Garland Hawkins

No. 74
- Position: Defensive end

Personal information
- Born: February 19, 1970 (age 56) Washington, D.C., U.S.
- Listed height: 6 ft 3 in (1.91 m)
- Listed weight: 253 lb (115 kg)

Career information
- High school: DeMatha Catholic (Hyattsville, Maryland)
- College: Syracuse (1988–1992)
- NFL draft: 1993: undrafted

Career history
- Chicago Bears (1993–1995);
- Stats at Pro Football Reference

= Garland Hawkins =

American football player (born 1970)

Garland Anthony Hawkins (born February 19, 1970) is an American former professional football player who was a defensive end for one season with the Chicago Bears of the National Football League (NFL).

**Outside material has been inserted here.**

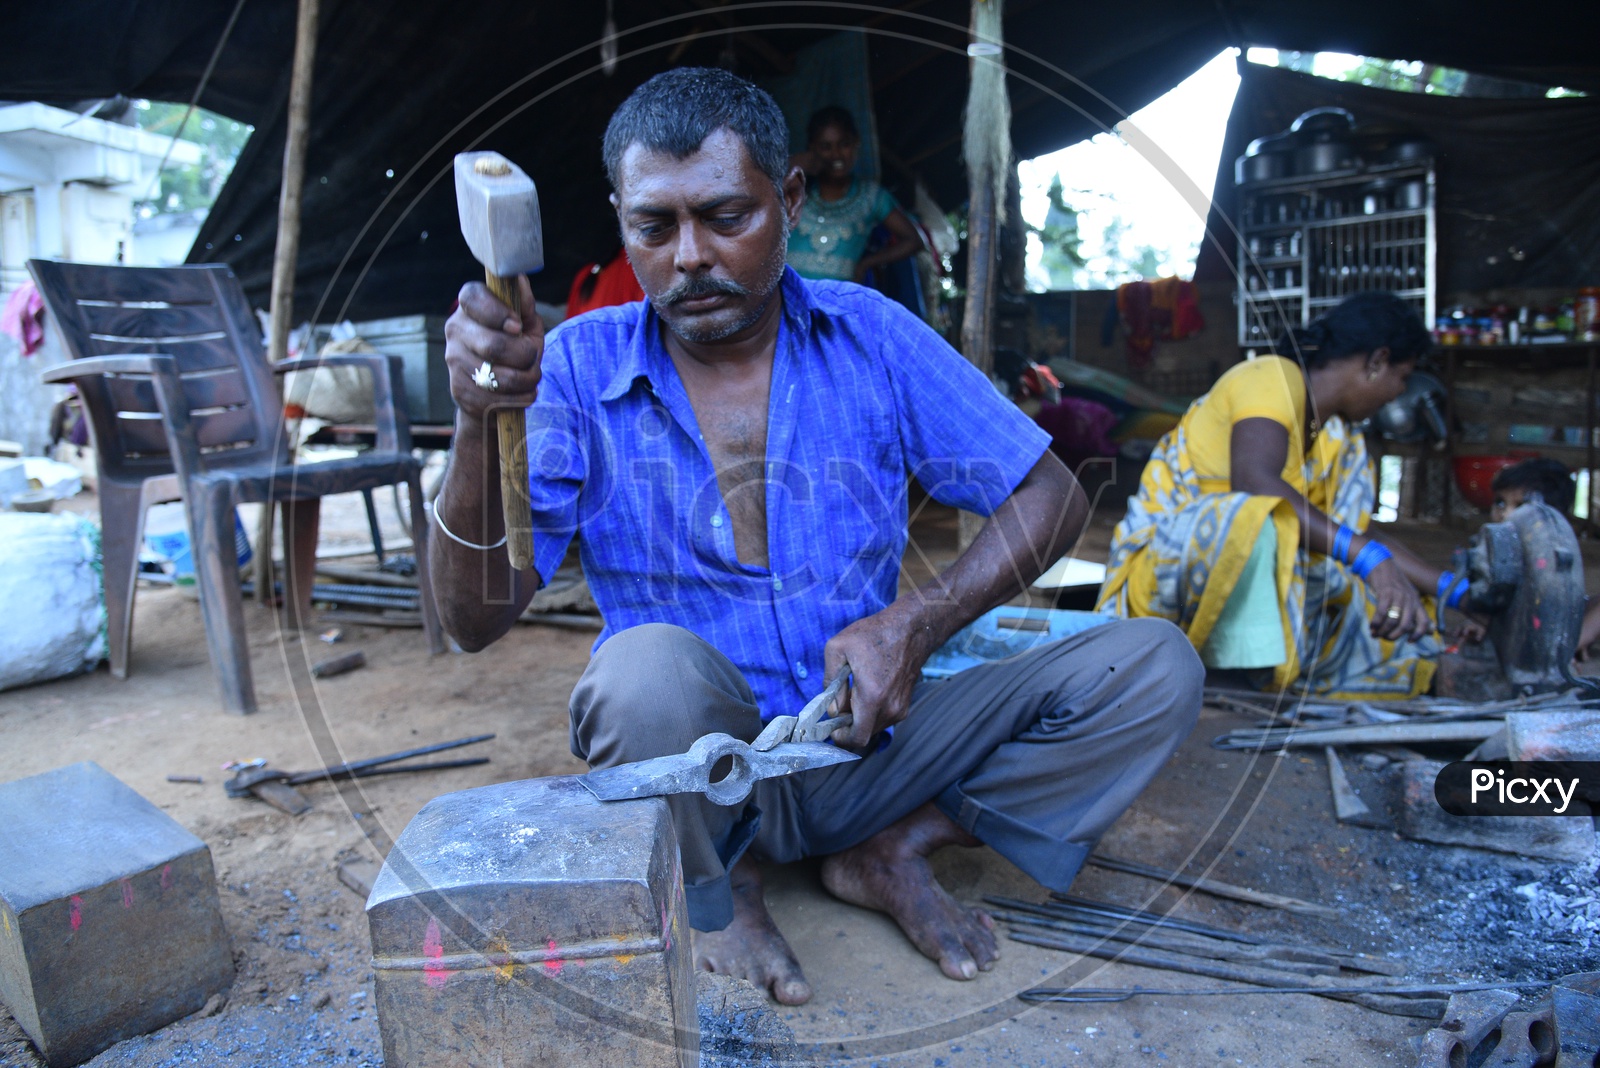 Indian Blacksmith Shaping the Iron Axe Blade using Hammer

He played college football for the Syracuse Orange.

==Early life==
Garland Anthony Hawkins was born on February 19, 1970, in Washington, D.C. He attended DeMatha Catholic High School in Hyattsville, Maryland, where he was a Parade All-American and a Blue Chip Magazine Top 100 selection.

==College career==
Hawkins was a four-year letterman for the Syracuse Orange from 1989 to 1992 as a linebacker. He redshirted in 1988. He played in all 12 games in 1989 and was a significant contributor on special teams, recording 14 solo tackles, seven assisted tackles, and three sacks. He started all 13 games at linebacker in 1990, totaling 24 solo tackles, 19 assisted tackles, and 4.5 sacks. Hawkins started all 12 games in 1991, accumulating 17 solo tackles, 12 assisted tackles, 4.5 sacks, and one interception. He started all 12 games again his senior year in 1992, recording 13 solo tackles, 16 assisted tackles, 4.5 sacks, and one interception. He majored in sociology at Syracuse.
===College statistics===

| Season | Team | GP | Cmb | Solo | Ast | Sck | Int |
|---|---|---|---|---|---|---|---|
| 1989 | Syracuse | 12 | 21 | 14 | 7 | 3 | 0 |
| 1990 | Syracuse | 13 | 43 | 24 | 19 | 4.5 | 0 |
| 1991 | Syracuse | 12 | 29 | 17 | 12 | 4.5 | 1 |
| 1992 | Syracuse | 12 | 29 | 13 | 16 | 4.5 | 1 |
| Career |  | 49 | 122 | 68 | 54 | 16.5 | 2 |

==Professional career==
After going undrafted in the 1993 NFL draft, Hawkins signed with the Chicago Bears on April 29, 1993. He was released on August 24, 1993. He re-signed with the Bears the next year on April 29, 1994. Hawkins was placed on injured reserve on August 8, 1994, and spent the entire 1994 season there. He played in one game for the Bears during the 1995 season, recording one solo tackle, before being waived on September 22, 1995. He was listed as a defensive end with the Bears.